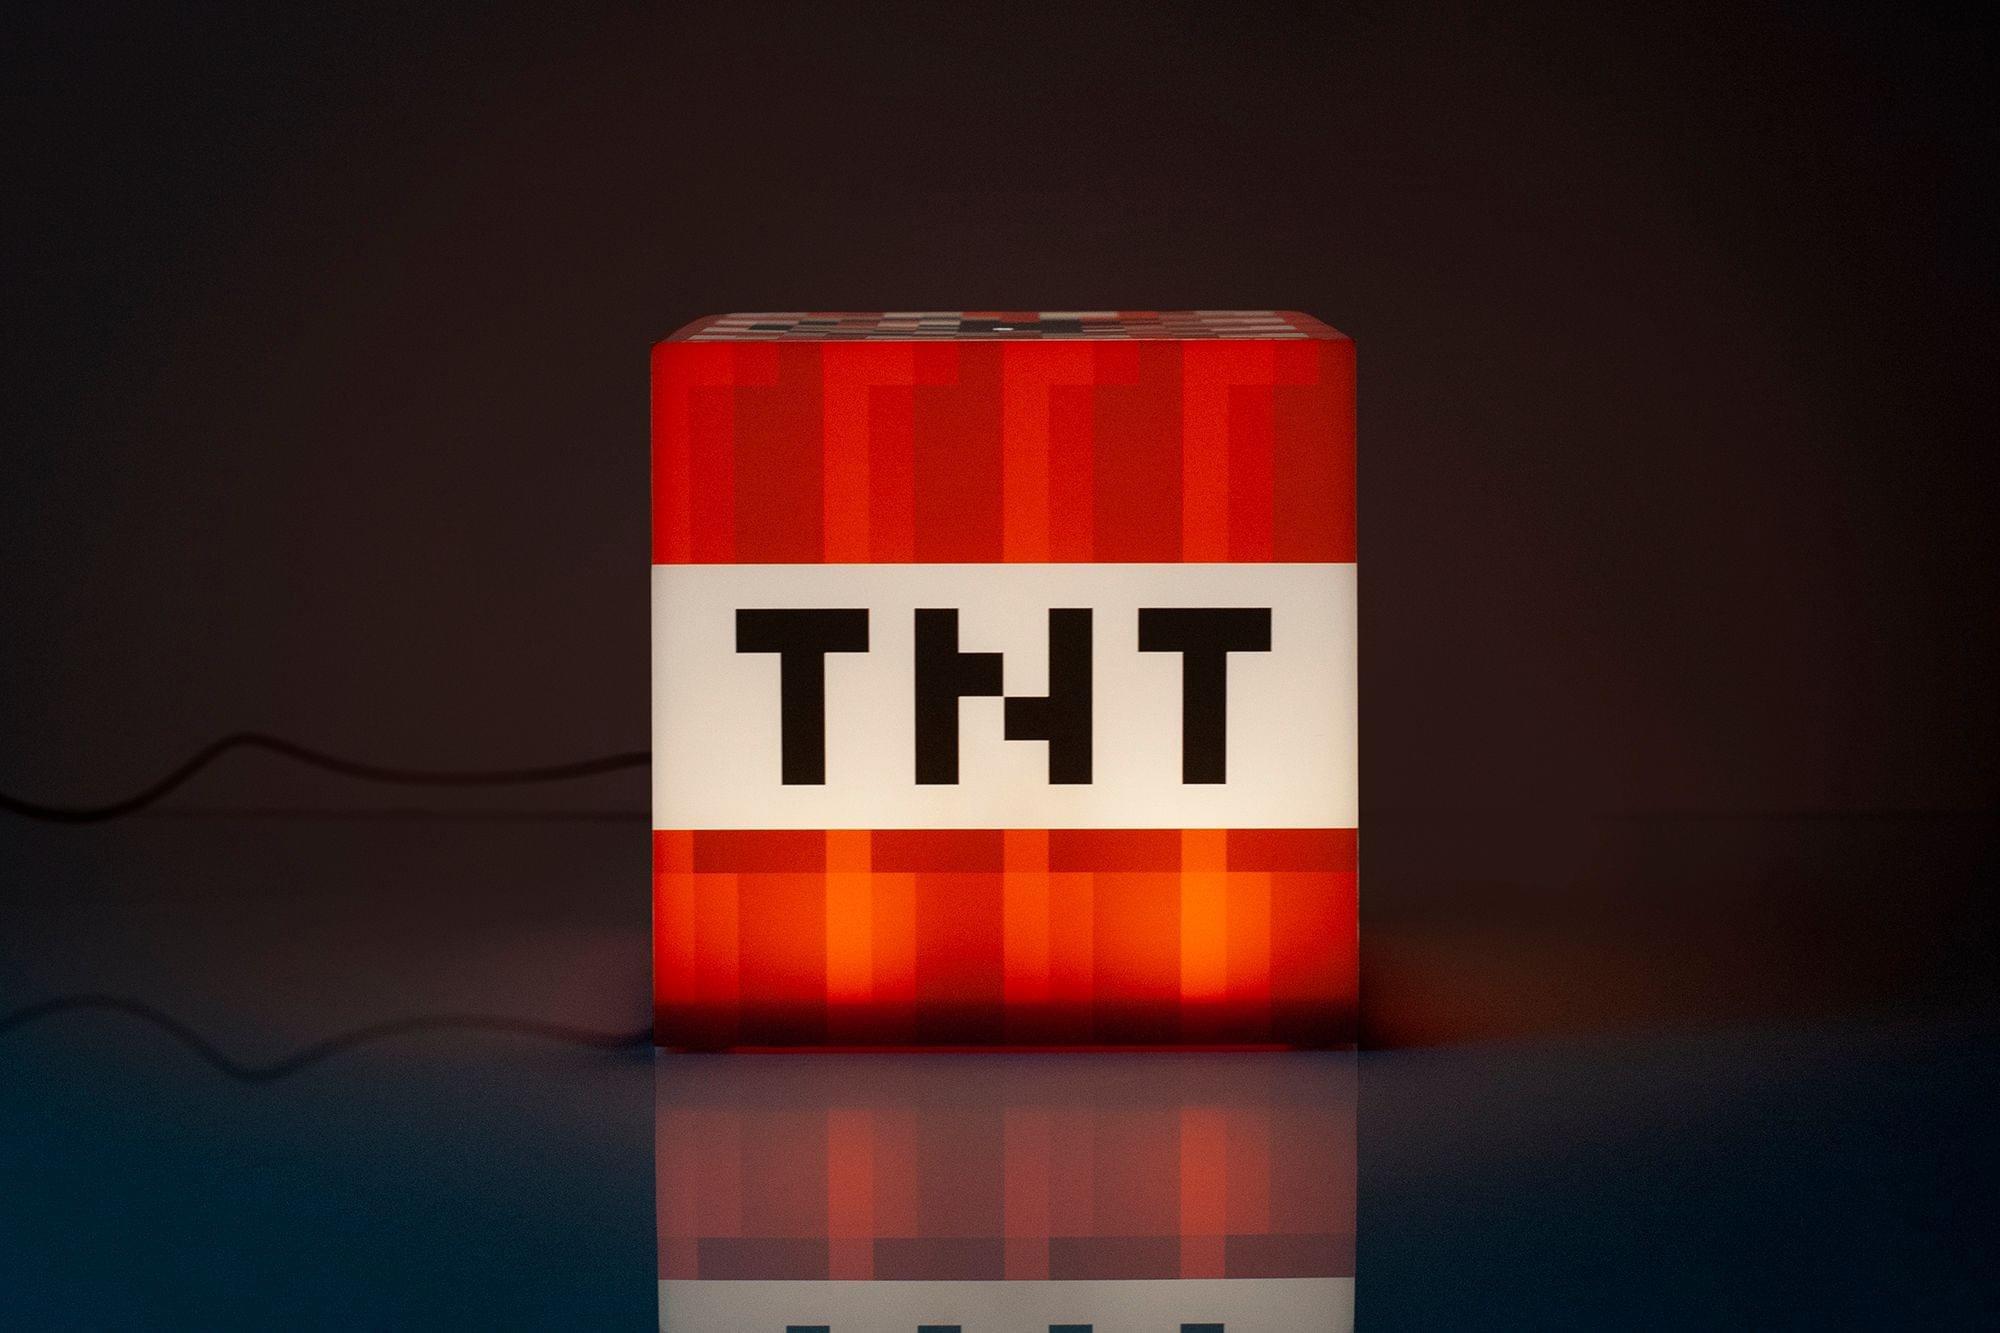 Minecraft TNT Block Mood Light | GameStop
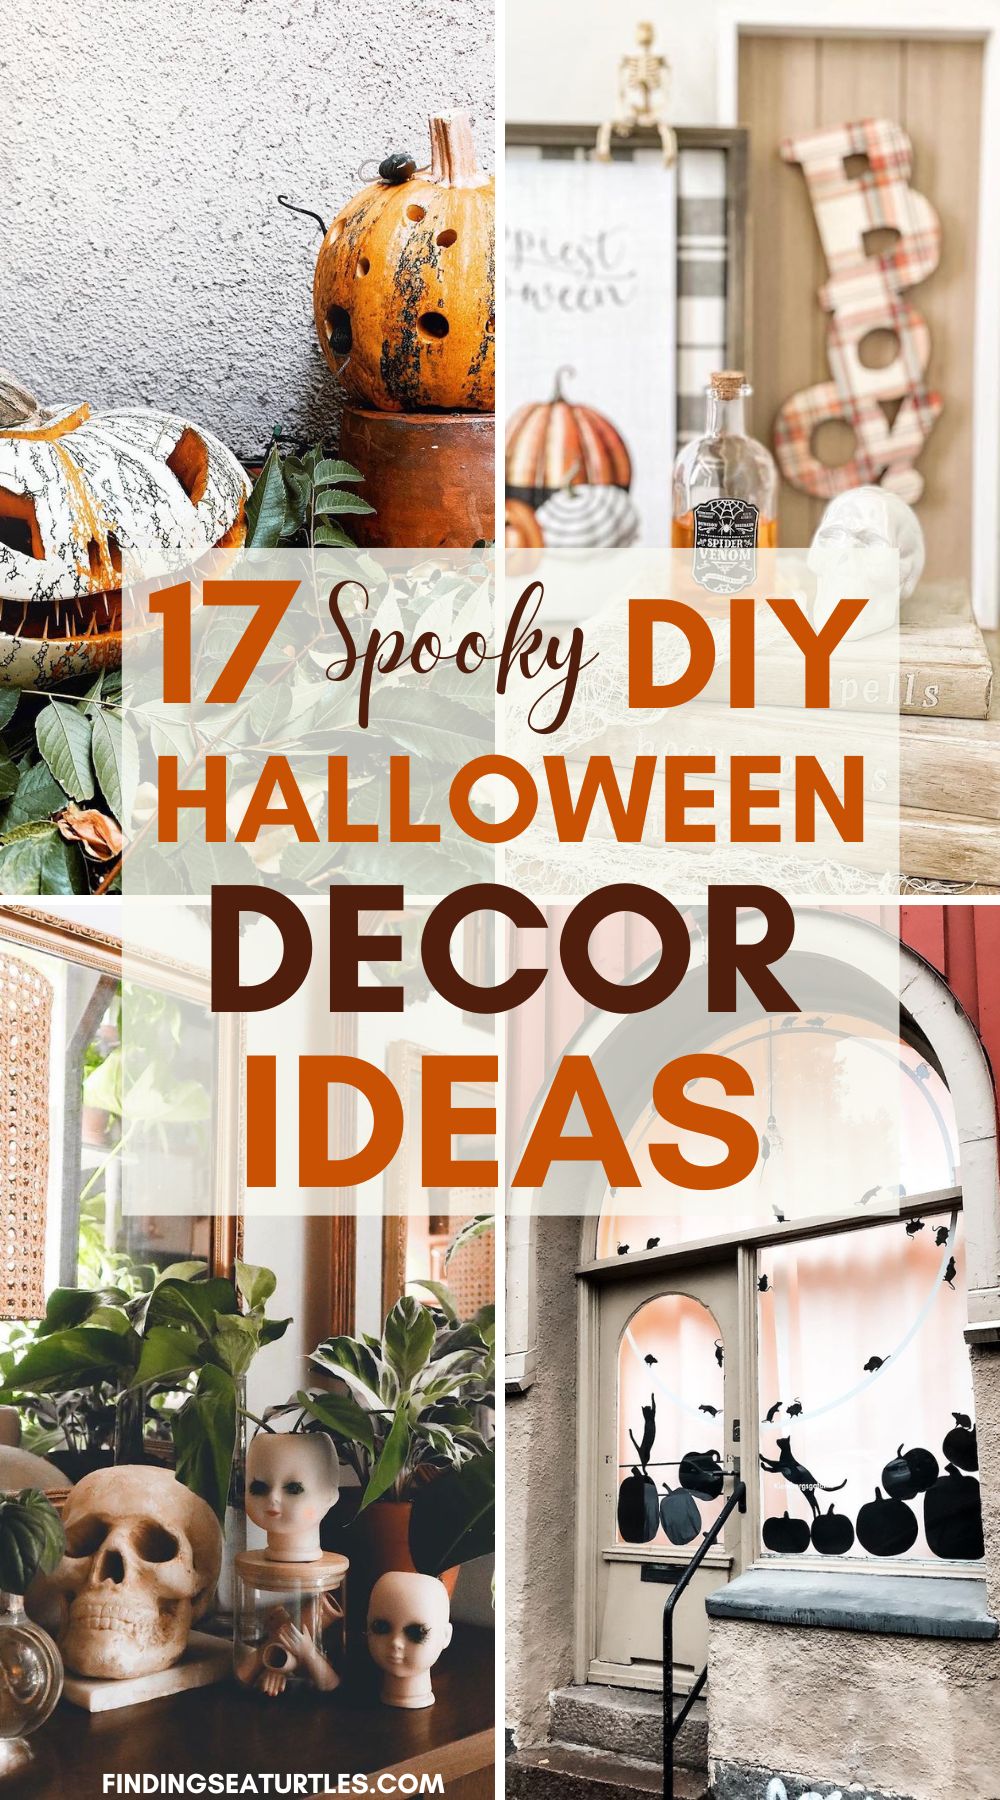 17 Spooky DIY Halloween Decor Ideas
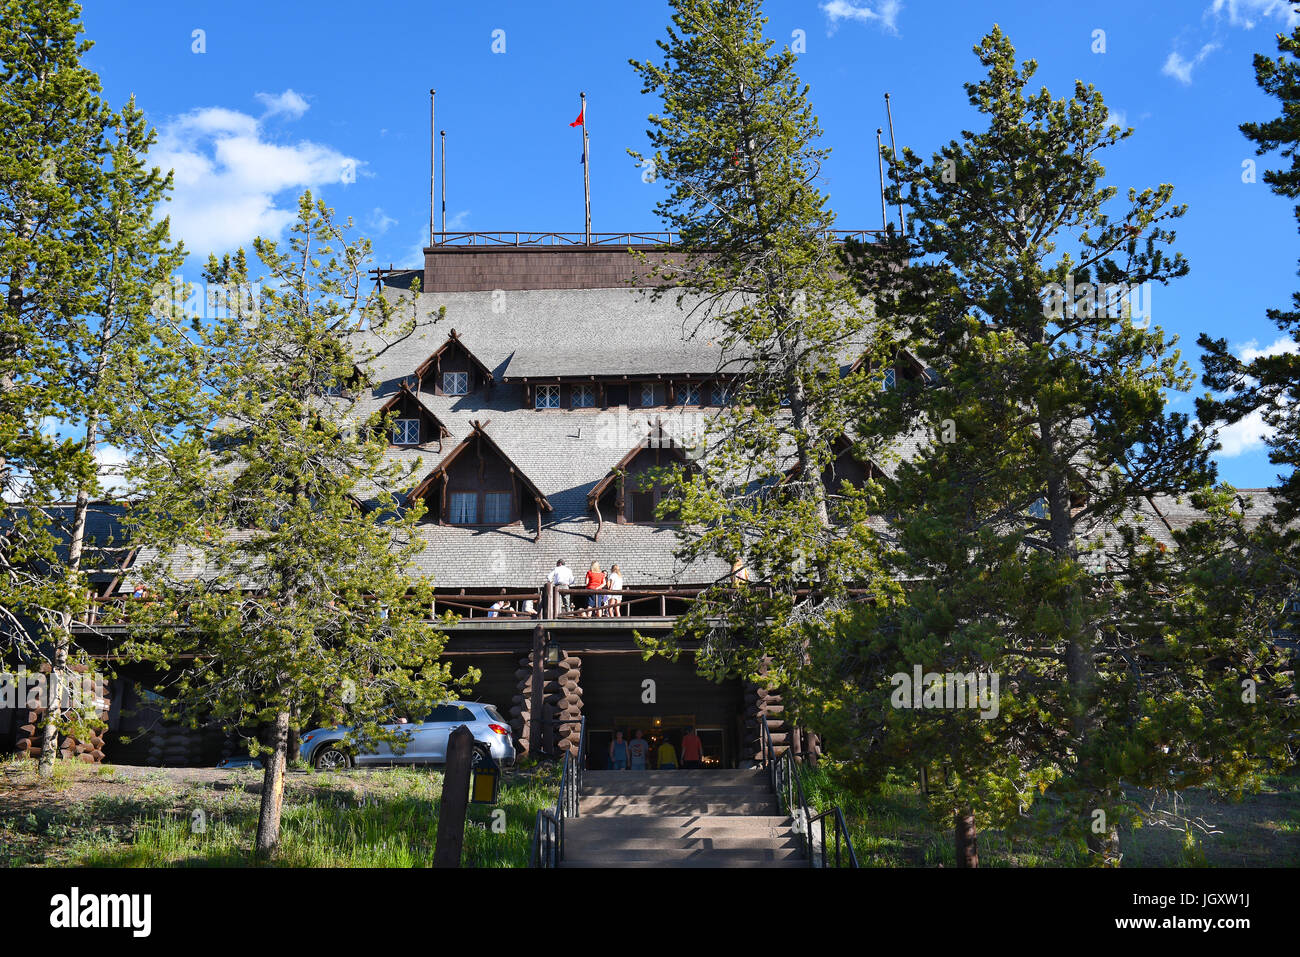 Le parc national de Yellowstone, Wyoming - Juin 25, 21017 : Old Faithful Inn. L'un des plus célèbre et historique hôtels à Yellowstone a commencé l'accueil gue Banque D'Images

* [TASK TO COMPLETE] Exact repetition of each line above is expected; images are to be omitted.

* [EXERCISE RESPONSE]
 Minecraft TNT Block Mood Light | GameStop
 17 Spooky DIY Halloween Decor Ideas
 Le parc national de Yellowstone, Wyoming - Juin 25, 21017 : Old Faithful Inn. L'un des plus célèbre et historique hôtels à Yellowstone a commencé l'accueil gue Banque D'Images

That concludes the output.